Później jakby się te kalekie umówiły. Schował się pod skrzydłami Kociej Mamy biały, dziki kocur karmiony przez mamę Ingi, trafił z fatalnym urazem do Żyrafy, wyszedł zdrowy ale na trzech łapkach.
Później była Walentka, która obecnie mieszka w przepięknym miejscu pod Warszawą. Teraz Aneta socjalizuje kota odratowanego przez Ewę. Żadnej z nas nawet przez myśl nie przemknie pomysł, by te trójłapki usypiać.
Jeszcze przed założeniem Fundacji znalazłam kotkę której trzeba było usunąć oczy, innej drogi ratunku dla kici nie było. Byłam przerażona, ale nie uśpiłam.
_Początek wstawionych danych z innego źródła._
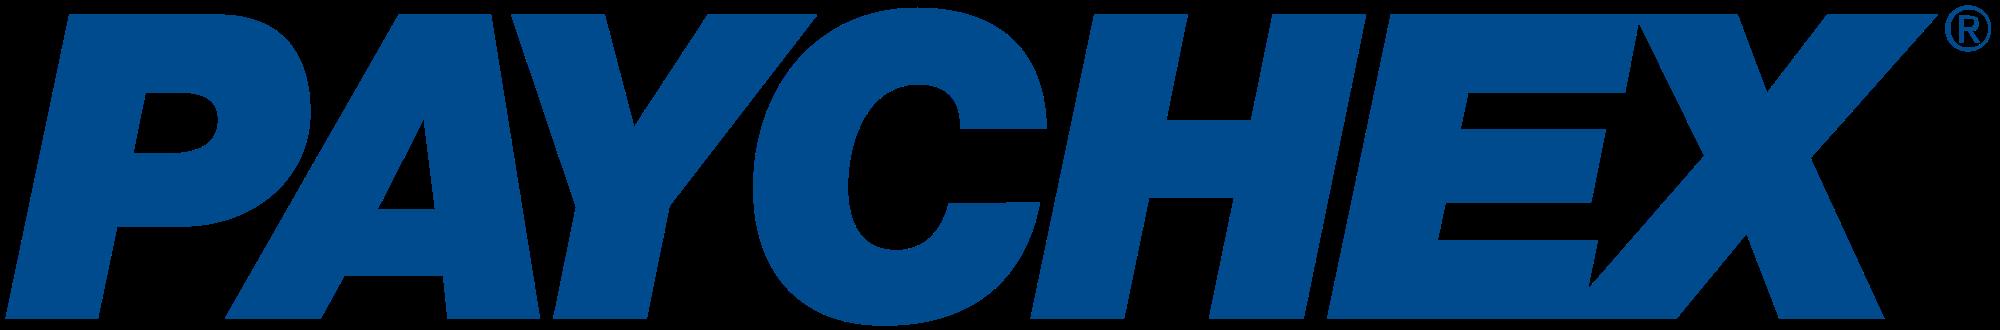 Paychex Employee Benefits logo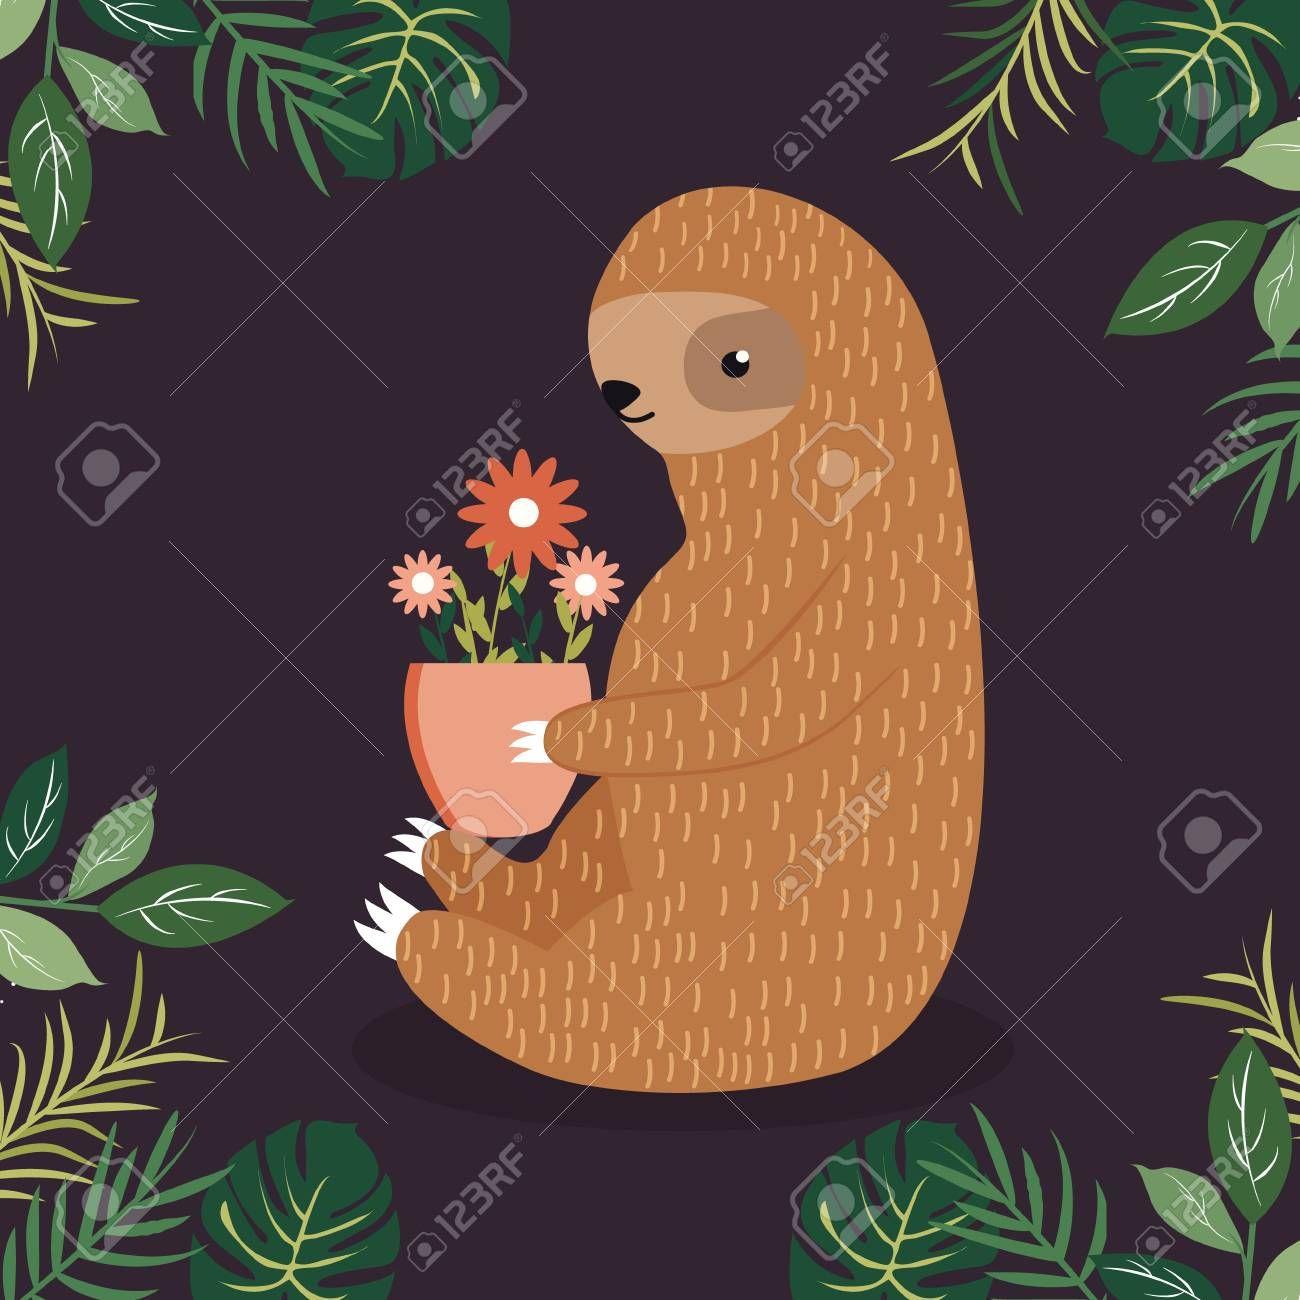 Stock Vector Cute sloth, Sloth, Vector art

Popłakałam się, gdy usłyszałam pytanie od współpracującej ze mną lekarki:
– Czy mogę wyadoptować Małą?
– ???- bywa, że i mnie udaje się zaskoczyć.
– Do mojej pani sprzątającej, urzekła Ją.
Kotka ma teraz 15 lat.
To był drugi przełom.
Dał mi wiarę, odwagę i przekonanie, że świat składa się też z dobrych ludzi.
Potem trafił do nas niedowidzący Homer, Jednooki Pietrynek i tak się samo dalej potoczyło.
Obecnie na adopcję czeka jednooki Odyś, u Moniki maluszek Filipek czekający na operację oczka uszkodzonego przez ten wredny, koci wirus, u Izy duet kompletna niewidoma Wenus i opiekujący się Nią Wasylek.
Za każdym razem, kiedy mam wątpliwość, kiedy się zastanawiam czy podejmuję właściwą decyzję, oglądam zdjęcia wakacyjne Tenora. O tym, że koty ślepe w domu odnajdują się cudnie, nikt nie musi mnie zapewniać. Bywa, że goście nawet nie zauważą, że ukochany pupil nie ma oczu. Ale zdjęcia wakacyjne przysyłane przez Danutę zawsze podnoszą mnie na duchu.
Tenor przechodzi sam siebie. Kompletnie ślepy niemal od początku swego życia, wynoszony przez kotkę z gniazda by ktoś malca zabrał, zwyciężył chorobę, dostał szansę od losu i proszę, teraz jest fajnym, radosnym kotem. Jest oczywiście otoczony nieustanną opieką, kiedy wychodzi z domku, ale widok kompletnie niewidomego kota na drzewie zawsze mnie rozczula. Te zdjęcia dają przewagę, są najlepszym argumentem w dyskusjach z lekarzami, choć prawdę mówiąc, coraz rzadziej od nich słyszę, że „może lepszym wyjściem byłaby eutanazja?”
Myślę, że nasze niegodzenie się na rozwiązania ostateczne ma wpływ nie tylko na działających z nami lekarzami, ale i inni stają się odważniejsi, bo przecież skoro Kociej Mamie od tylu lat się udaje wyszukać tych najlepszych ludzi, to czemu nie iść tą drogą?
Kiedyś dla moich hejterów pożywką była odmowa eutanazji ślepych miotów, teraz, po latach to oni weryfikują swoje stanowisko.